代表的には、エチレン−塩化ビニル共重合樹脂、(メタ)アクリル樹脂、スチレン−無水マレイン酸共重合体樹脂、ウレタン樹脂、酢酸ビニル−(メタ)アクリル共重合体樹脂、酢酸ビニル−エチレン共重合体樹脂、及びそれらの樹脂エマルション等が挙げられる。ここで、「(メタ)アクリル樹脂」は、アクリル樹脂とメタクリル樹脂の双方を示す。これらの樹脂は、単独で用いてもよいし、複数種を組み合わせて用いても良い。後述するが、これらの樹脂が複合された樹脂エマルションでも良い。
上記のとおり、これらの樹脂にカチオン性の官能基を導入するか、又は、カチオン性分散剤等で表面処理して、プラスの表面電荷を与えることができる。

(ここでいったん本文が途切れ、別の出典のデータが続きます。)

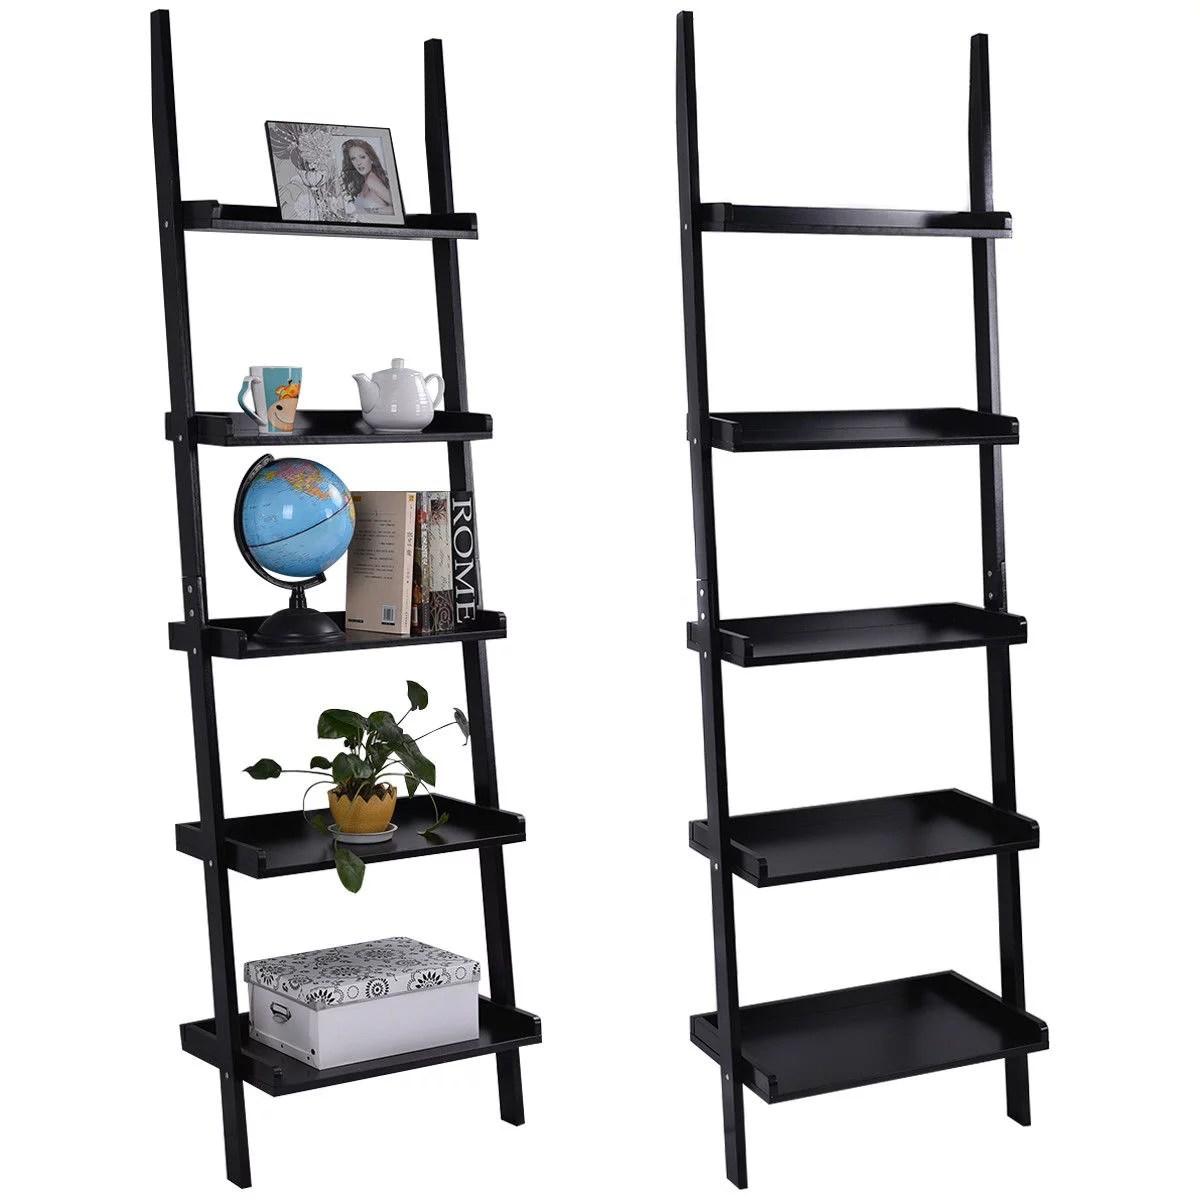 5 Tier Bookshelf Leaning Wall Shelf Ladder Bookcase Storage Display Stand
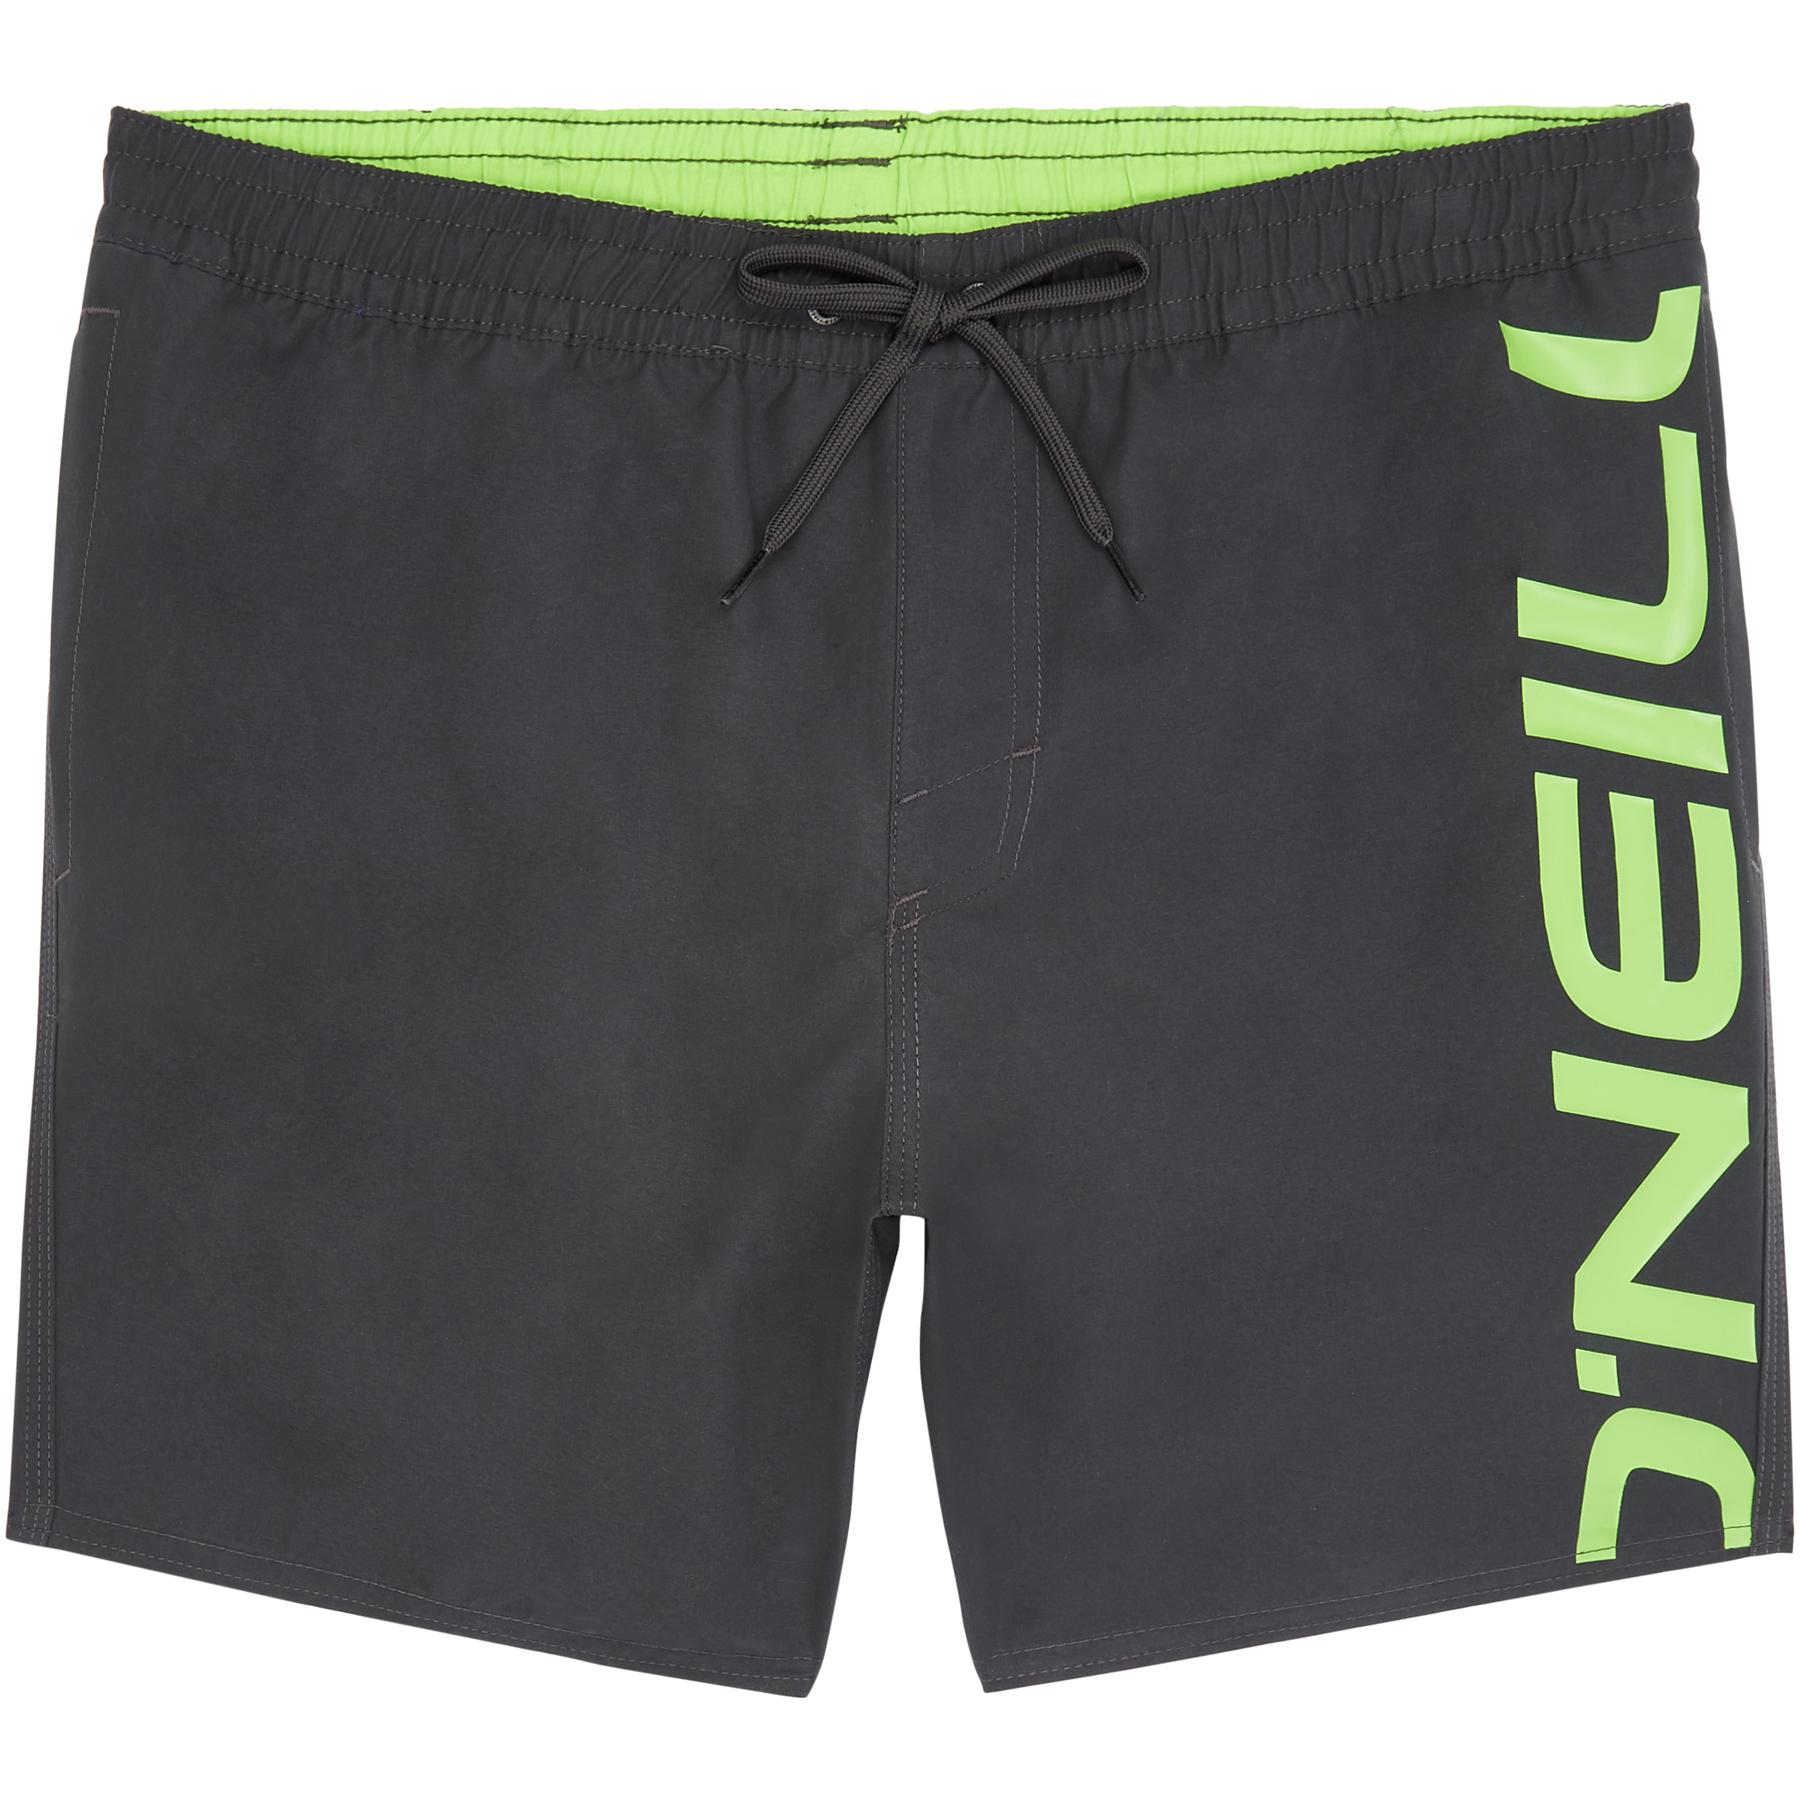 Шорты O'Neill шорты мужские o neill pm cali shorts цвет темно серый 9a3226 8026 размер s 46 48

樹脂粒子の粒径は、特に限定されず、複数種の異なる粒径の粒子を任意に組み合わせて用いることができる。一実施形態において、基材の表面に留まりやすく、加熱乾燥等により基材表面に定着しやすいとの観点から、動的光散乱法により測定されるメジアン径(平均粒径)が1μm以上のサイズを持つ粒子を含むことが好ましい。また、樹脂粒子の平均粒径は、10μm以下であることが好ましく、これにより基材の特性を生かしつつ基材表面の凹部及び空隙にも浸透することができる。
好ましい一実施形態においては、カチオン性の水分散性樹脂は、動的光散乱法により測定されるメジアン径(平均粒径)が1μm以上10μm以下の大粒子を含む。これにより、インク層の画像品位と耐傷性を充分に確保することができる。これはすなわち、粒子径が大きな樹脂粒子を用いることで、表面凹凸及び空隙のある基材に対し、その基材の特性を損なうことなく、その凹凸や空隙に追随して表面処理層を形成することができ、その結果、耐傷性と画像品位の高いインク層を形成することができるためであると考えられる。さらに、木材では、メジアン径(平均粒径)を1μm以上10μm以下とすることによって、基材に存在する空隙(木材では後述する管)の大きさに追随して、効率よく表面処理層を形成することができる。特に、木材では、針葉樹と広葉樹の分類によって管の大きさ(平均直径)が異なる。例えば、広葉樹の環孔材であるタモ材の平均直径は約260μm、散孔材であるメープル材は約60μmである。一方、針葉樹であるヒノキ材は平均直径が約10μmである。このように、木材は樹種によってその空隙の大きさが異なり、さらには天然物であるため基材の空隙の分布が全く同じ状態のものは存在しないのであるが、大粒子の平均粒径を上記とすることにより、木材のような空隙が不揃いな基材に対しても、基材の本来の機能(木材では吸湿性)を低下させることなく、表面処理層を形成することができる。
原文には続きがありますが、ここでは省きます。